These numbers refer to column relfilenode in pg_class. So I can join pg_class, pg_namespace, and see how it looks:

$ with recursive all_elements as (
    SELECT 'base/' || l.filename as path, x.*
    FROM
        pg_ls_dir('base/') as l (filename),
        LATERAL pg_stat_file( 'base/' || l.filename) as x
    UNION ALL
    SELECT 'pg_tblspc/' || l.filename as path, x.*
    FROM
        pg_ls_dir('pg_tblspc/') as l (filename),
        LATERAL pg_stat_file( 'pg_tblspc/' || l.filename) as x
    UNION ALL
    SELECT
        u.path || '/' || l.filename, x.*
    FROM
        all_elements u,
        lateral pg_ls_dir(u.path) as l(filename),
        lateral pg_stat_file( u.path || '/' || l.filename ) as x
    WHERE
        u.isdir
), all_files as (
    SELECT path, size FROM all_elements WHERE NOT isdir
), interesting_files as (
    SELECT
        regexp_replace(
            regexp_replace(f.path, '.*/', ''),
            '\.[0-9]*$',
            ''
        ) as filename,
        sum( f.size )
    FROM
        pg_database d,
        all_files f
    WHERE
        d.datname = current_database() AND
        f.path ~ ( '/' || d.oid || E'/[0-9]+(\\.[0-9]+)?$' )
    group BY filename
)
SELECT
    n.nspname,
    c.relname,
    c.relkind,
    f.sum as size
FROM
    interesting_files f
    join pg_class c on f.filename::oid = c.relfilenode
    join pg_namespace n on c.relnamespace = n.oid
ORDER BY
    size desc;
        nspname        |                             relname                             | relkind |    size
-----------------------+-----------------------------------------------------------------+---------+------------
 pg_toast              | pg_toast_805314153                                              | t       | 3984195584
 xxxxxxxxxxxxxxx_9053  | xxxxxxxx                                                        | r       | 3538305024
 xxxxxxxxx             | xxxxxxxxxxxxxxxxxxx                                             | r       | 3062521856
 xxxxxxxxxxxxxxx_11400 | xxxxxxxxxx                                                      | r       | 2555461632
 xxxxxxxxxxxxxxx_7860  | xxxxxxxxxxxxxxxxxxxx                                            | r       | 2443206656
 xxxxxxxxx             | xxxxxxxxxxxxxxxxxxxxxxxxxxxxxxxxxxxxxxxx                        | i       | 2237513728
 xxxxxxxxx             | xxxxxxxxxxxxxxxxxxxxxxxxxxxxxxxxxxxxxxxxxxxxxxxxxxx             | i       | 1667743744
 xxxxxxxxxxxxxxx_8371  | xxxxxxxxxxx                                                     | r       | 1553113088
 pg_toast              | pg_toast_806460704                                              | t       | 1454399488
 xxxxxxxxxxxxxxx_8371  | xxxxxxxxxxxxxxxxxxxx                                            | r       | 1329913856

sorry for censoring, but the table names might suggest things that are not relevant to this blogpost.
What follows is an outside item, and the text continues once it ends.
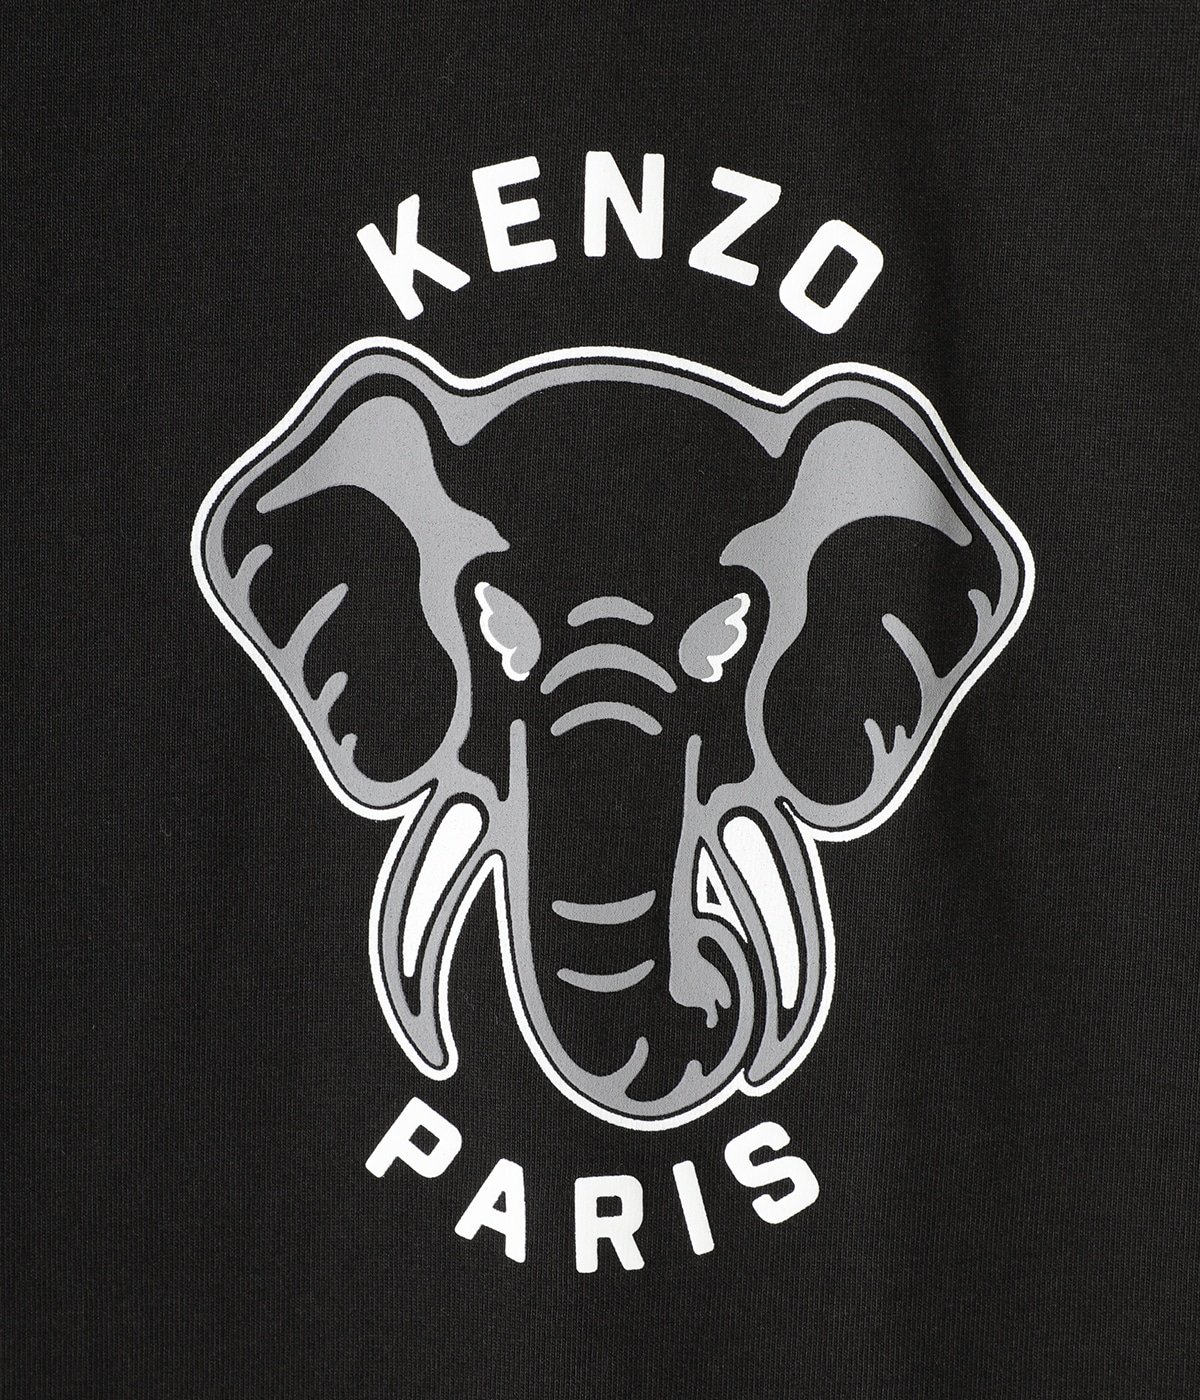 KEN ZO CLASSIC T-SHIRT | KENZO(ケンゾー) / トップス カットソー半袖 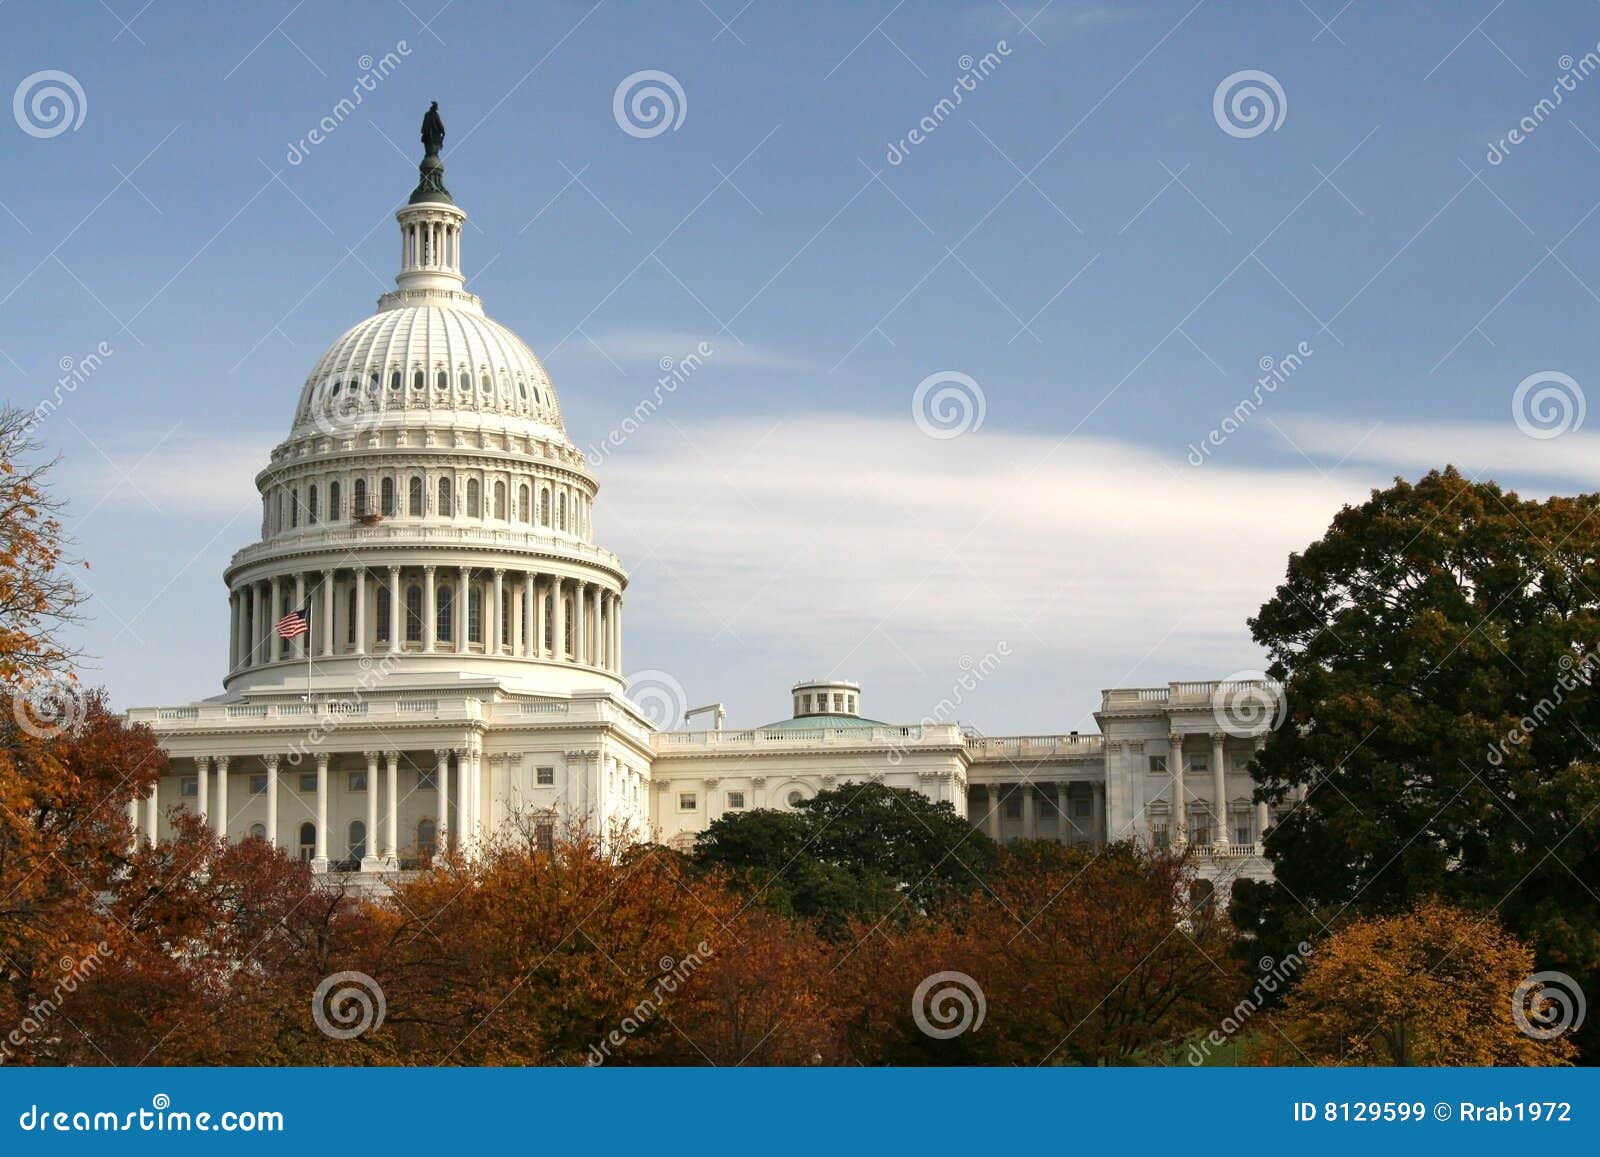 house of representatives capitol hill building

The thing is that while I got sizes of all tables (relkind = ‘r') and indexes (relkind = ‘i') – I also got, separately – sizes of toast tables (relkind = ‘t') – which are basically secondary storage for table data. And they are all in pg_toast schema, which doesn't suit me. I'd like to know original schema for each toast table, so I can sum it appropriately.

Luckily, this can be done with simple join. Finally, I get to this query:

$ with recursive all_elements as (
    SELECT 'base/' || l.filename as path, x.*
    FROM
        pg_ls_dir('base/') as l (filename),
        LATERAL pg_stat_file( 'base/' || l.filename) as x
    UNION ALL
    SELECT 'pg_tblspc/' || l.filename as path, x.*
    FROM
        pg_ls_dir('pg_tblspc/') as l (filename),
        LATERAL pg_stat_file( 'pg_tblspc/' || l.filename) as x
    UNION ALL
    SELECT
        u.path || '/' || l.filename, x.*
    FROM
        all_elements u,
        lateral pg_ls_dir(u.path) as l(filename),
        lateral pg_stat_file( u.path || '/' || l.filename ) as x
    WHERE
        u.isdir
), all_files as (
    SELECT path, size FROM all_elements WHERE NOT isdir
), interesting_files as (
    SELECT
        regexp_replace(
            regexp_replace(f.path, '.*/', ''),
            '\.[0-9]*$',
            ''
        ) as filename,
        sum( f.size )
    FROM
        pg_database d,
        all_files f
    WHERE
        d.datname = current_database() AND
        f.path ~ ( '/' || d.oid || E'/[0-9]+(\\.[0-9]+)?$' )
    group BY filename
)
SELECT
    n.nspname as schema_name,
    sum( f.sum ) as total_schema_size
FROM
    interesting_files f
    join pg_class c on f.filename::oid = c.relfilenode
    left outer join pg_class dtc on dtc.reltoastrelid = c.oid AND c.relkind = 't'
    join pg_namespace n on coalesce( dtc.relnamespace, c.relnamespace ) = n.oid
group BY
    n.nspname
ORDER BY
    total_schema_size desc
LIMIT 10

Which did return 10 most disk using schemas in less than 26 seconds.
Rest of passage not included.